Os participantes realizaram seis sessões de corrida em esteira, cada uma com duração de 5 minutos, em velocidades lentas e rápidas abaixo do limiar de lactato. Eles usaram três tipos de calçados: um tênis de corrida tradicional (controle), um tênis projetado para induzir involuntariamente a pisada com a parte da frente do pé (Wave Duel Pro [WDP]) e um terceiro tênis usado para outro propósito (não analisado no estudo).
Com relação à mudança na pisada, o mais notável foi que todos os participantes, incluindo os corredores habituais de RFS, passaram a utilizar a pisada com a parte da frente do pé ao usar o tênis WDP. Isso demonstra que o calçado foi eficaz em alterar o padrão de pisada de forma involuntária.
Quanto à Economia de Corrida em Corredores Não-RFS, os que já utilizavam a pisada com a parte da frente do pé, não apresentaram diferença significativa no consumo de oxigênio (VO2) entre o tênis WDP e o tênis de controle. Isso sugere que, para esses corredores, mudar para um tênis que força a pisada com a parte da frente do pé não traz benefícios adicionais em termos de economia de corrida.
Já para os RFS houve uma pequena melhora na Economia de Corrida com uma pequena redução no consumo de oxigênio (VO2) ao usar o tênis WDP, em comparação com o tênis de controle. Essa redução foi de aproximadamente 0,9%, sendo neste estudo, estatisticamente significativo. E com relação a variáveis fisiológicas não houve diferenças significativas na concentração de lactato no sangue ou na frequência cardíaca quando correndo com os dois tipos de tênis, tanto nos corredores RFS quanto nos não-RFS.
Embora o estudo tenha encontrado uma pequena melhora na economia de corrida em corredores habituais de RFS ao usar o tênis WDP, é importante considerar a magnitude dessa melhora.

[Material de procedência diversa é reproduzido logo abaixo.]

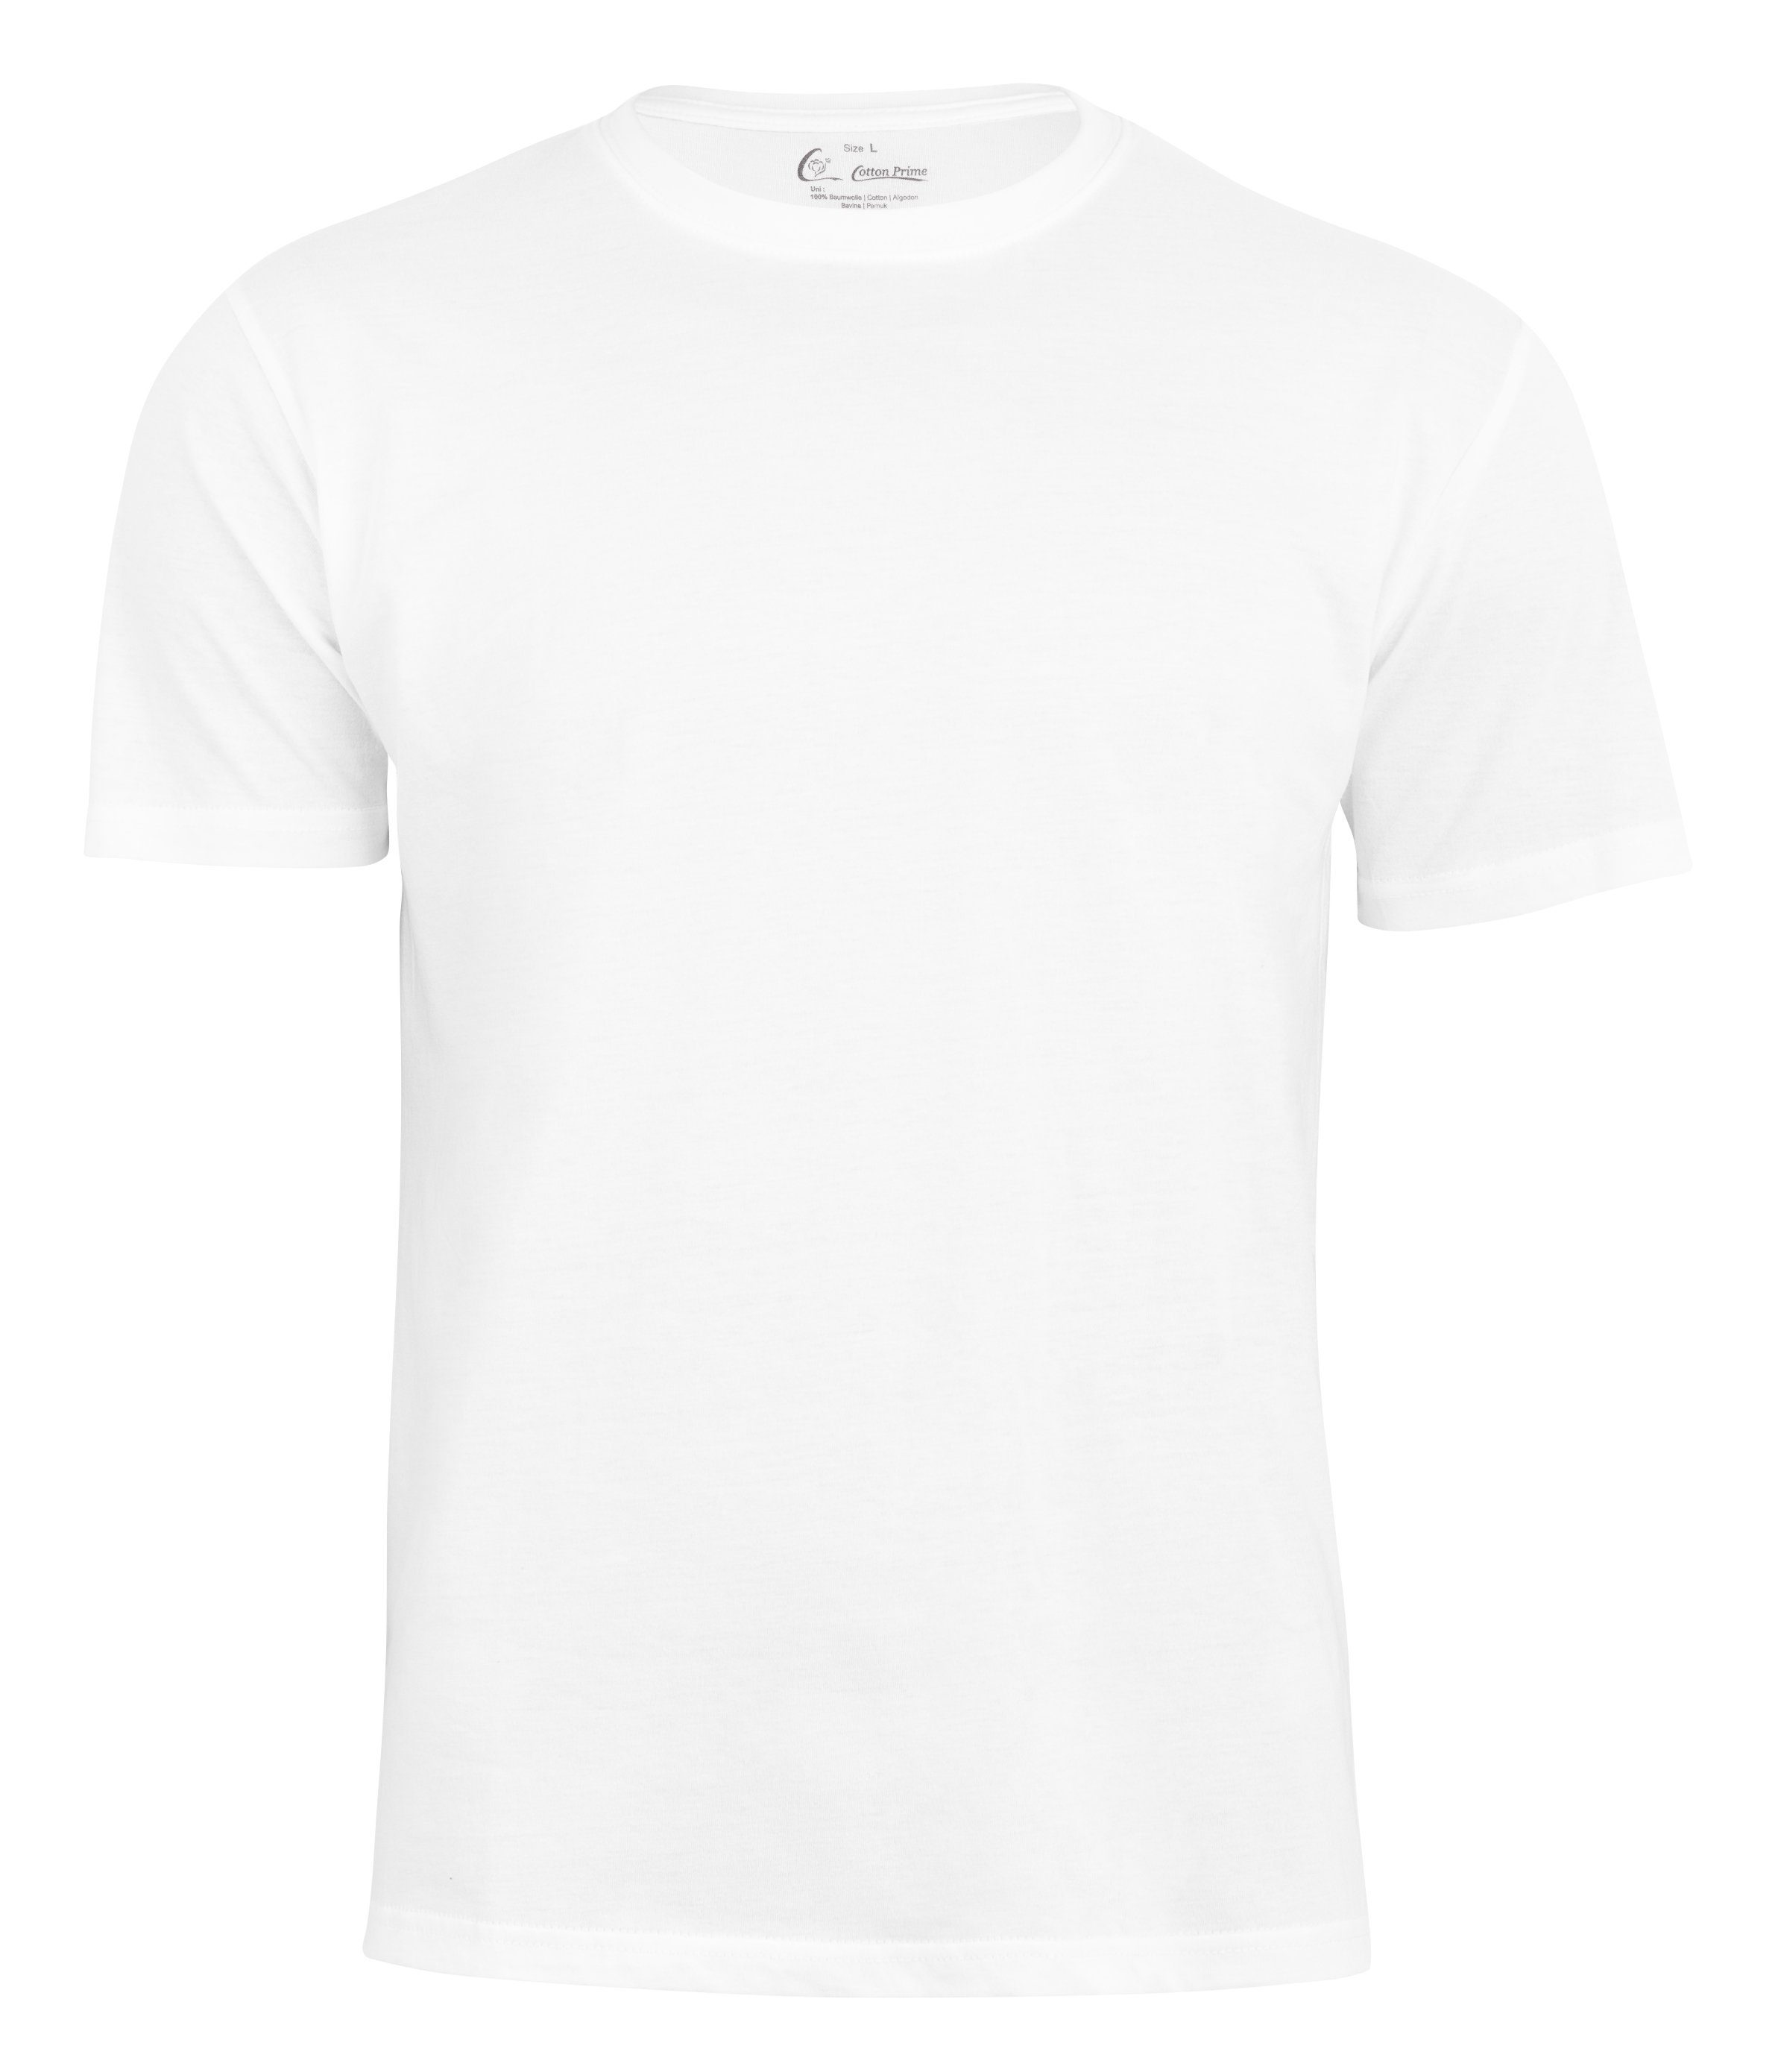 Tee Cotton T-Shirt Weiss Prime® - O-Neck

Uma redução de 0,9% no consumo de oxigênio pode parecer pequena, mas pode se traduzir em uma melhora significativa no desempenho em provas de longa distância, como a maratona.
No entanto, é importante notar que o estudo foi realizado em esteira, em condições controladas. É possível que os resultados sejam diferentes em condições de corrida ao ar livre, em terrenos variados. Além disso, o estudo incluiu apenas corredores do sexo masculino, o que limita a generalização dos resultados para corredoras. Outro fator importante a ser considerado, e que já se vem descrevendo na literatura científica há tempos com a discussão da corrida em antepé, é sobre a questão da transição da forma de correr de retropé para antepé, onde hoje já existe um consenso de que esta transição deve ser feita de forma progressiva.
Para os técnicos de corrida, fisioterapeutas e médicos do esporte, este estudo oferece insights valiosos sobre a influência do calçado na biomecânica da corrida. Ao considerar a prescrição de calçados para corredores, é importante levar em conta o padrão de pisada habitual do atleta, bem como seus objetivos de desempenho e histórico de lesões.
Em resumo, o estudo de Yokoyama e seus colaboradores (2025) sugere que o uso de calçados que induzem involuntariamente a pisada com a parte da frente do pé pode trazer uma pequena melhora na economia de corrida para corredores habituais de retropé. No entanto, mais pesquisas são necessárias para confirmar esses resultados e para determinar se essa melhora se traduz em um melhor desempenho em provas de longa distância.
Referências Bibliográficas:
YOKOYAMA, Shotaro et al. Running economy with shoes that elicit an involuntary forefoot strike in the habitual rear and non-rear foot strike runners. Footwear Science, v. 17, n. 1, p. 37-45, 2025.
MATIAS, Alessandra B. et al. Rearfoot, midfoot, and forefoot motion in naturally forefoot and rearfoot strike runners during treadmill running. Applied Sciences, v. 10, n. 21, p. 7811, 2020.